Furthermore, my bees have so far not shown any propensity for stinging my top-half over my bottom-half, they're opportunistic and will sting whatever part of me they can get to- even stinging me THROUGH my suit where it's been stretched tight. I've gotten stung on the back of my neck where the netting of my zipper veil rested against my skin! The stings I've gotten this year are pretty evenly distributed all over my body with the most being on my ankles. Because of that, I just invested in a pair of rubber boots. It's not that I am afraid of getting stung, I'd just prefer not to.

It gets plenty hot here too (Maine) and I must admit that a full suit can be uncomfortable. Unless you just can't afford both a tie down veil and suit-combo, get both! Beekeeping has not so far turned out to be a good way to save money, at least for me. It's also always handy to have a spare veil anyways in case a visitor wants to take a look. I've also picked up a bunch of used gear and almost batch of stuff has included at least one veil and smoker, in one case advertised as "Only used once"







I've pretty much got 2 or more of everything- tie down veils (3), full suits with zippered veils (3- 2 I bought for me and my wife, one given to me), smokers (4), hive tools (3). I keep a spare set of stuff in my car and truck- you never know when it'll come in handy.

George-


----------



## honeyman46408 (Feb 14, 2003)

I use a "Bug Baffler" from (Mid-Con) most of the time but when the girls get testy I have the "Honey Maker" full suit from (Mann Lake) and it gets hot inside.
The Bugbaffler is quick and easy and you can buy them at a Hunting supply store cheaper than from BKing store.


----------



## Sundance (Sep 9, 2004)

Joel/Drifter........ 

The jacket I was refering to is the same one Michael decribed. It is zippered front and a zippered hood/veil. I take it the invitation is open to Michael as well? 

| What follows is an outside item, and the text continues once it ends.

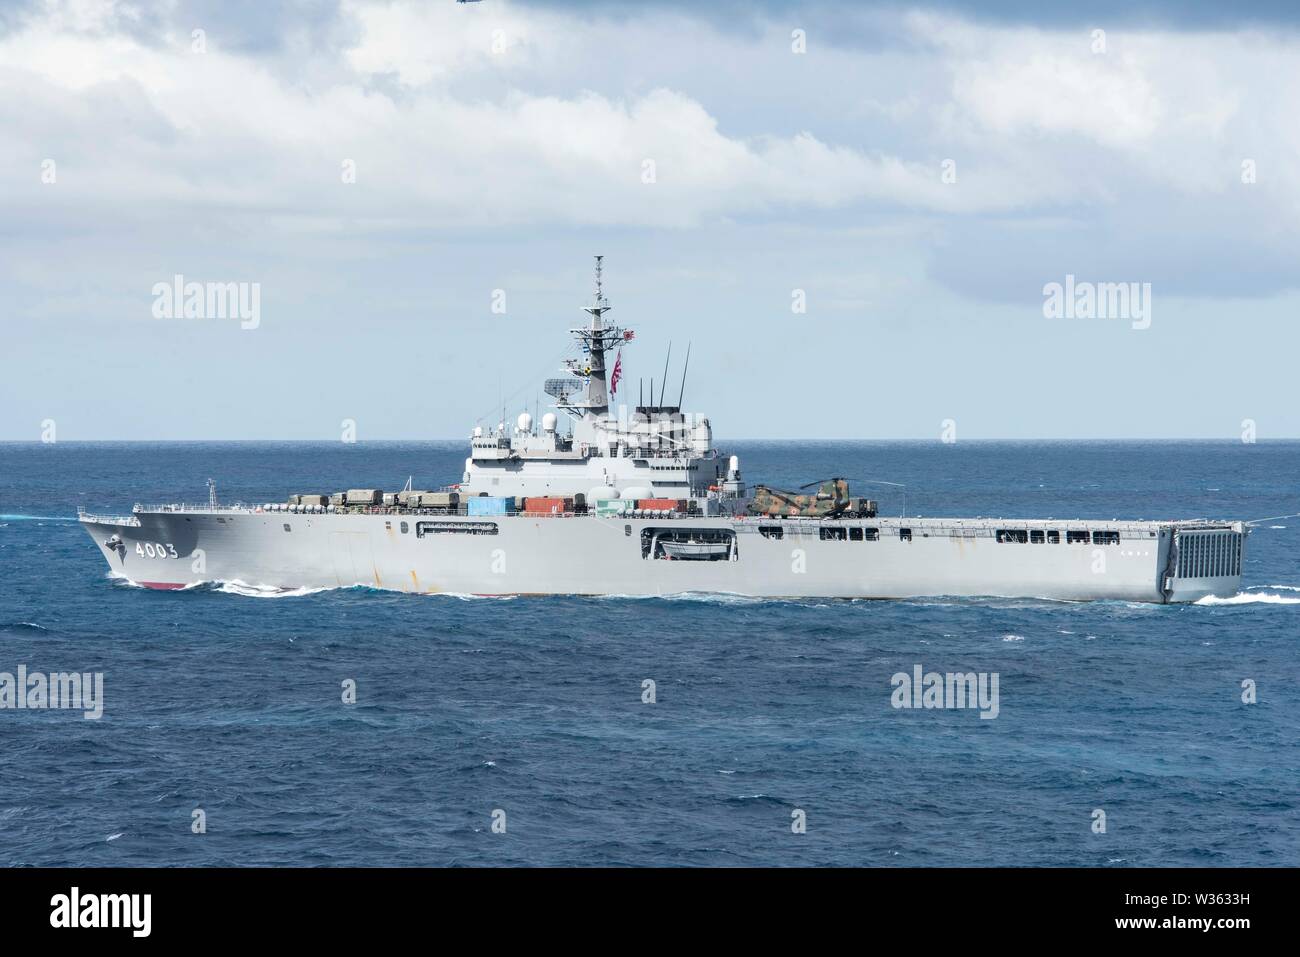 190711-N-DX072-1047 TASMAN SEA (July 11, 2019) The Japan Maritime Self-Defense Force Ōsumi-class amphibious transport dock ship JS Kunisaki (LST 4003) transits with the amphibious transport dock ship USS Green Bay (LPD 20) in a photo exercise (PHOTOEX) during Talisman Sabre 2019. Green Bay, part of the Wasp Expeditionary Strike Group, with embarked 31st Marine Expeditionary Unit, is currently participating in Talisman Sabre 2019 off the coast of Northern Australia. A bilateral, biennial event, Talisman Sabre is designed to improve U.S. and Australian combat training, readiness and interoperabi Stock Photo

On pants I use canvas painters that are plenty baggy in conjuntion with elastic straps at the ankles. It is as heavy as any bee suit I have seen.

My outfit costs $60.00 (english bee jacket is from the gentleman who has an ad in the for sale section).

As I said........ If you have the $$$$$$ get a mesh suit.


----------



## davlanders (Jun 20, 2004)

You can't even talk about hot unless you are beekeeping in Texas!!









As hot as it gets, I'd recommend a full suit if you can only afford one. There will be times when you need it and a jacket just won't be good enough. I have to say, having a jacket is nice for quick super inspections or putting out feed, or checking nucs or things like this, but if you are going to remove feral colonies or have to open up hives that aren't the gentlest bees on the planet, you'll need the full suit.


----------



## Jim Fischer (Jan 5, 2001)

All I've ever worn is a Sherriff veil.
http://www.bjsherriff.com/clothing.asp
(The "S21 Bee Farmer" is the current
model of what I like.)

I've been telling myself that I will buy
a "real bee suit" for myself, but I keep
buying them for the somewhat large teenage
boys who assist me, and never get around
to getting one for me.

A long-sleeved shirt and pant cuffs tucked into
socks is all I've done when confronted with
nasty situations. Most times, I wear
tee-shirts.

Smoker technique makes a big difference. If
you buy a BIG smoker, and practice with it,
you will find that you can utilize smoke to
keep the bees "suppressed".


----------



## nhbeekeeper (Oct 1, 2004)

same as mentioned above...

i got a few jacket veil combo's (they require a helmet) from dandelion who has info on them in the "For Sale" section of the site. very nice quality







easy slip on slip off with a nice front pocket. 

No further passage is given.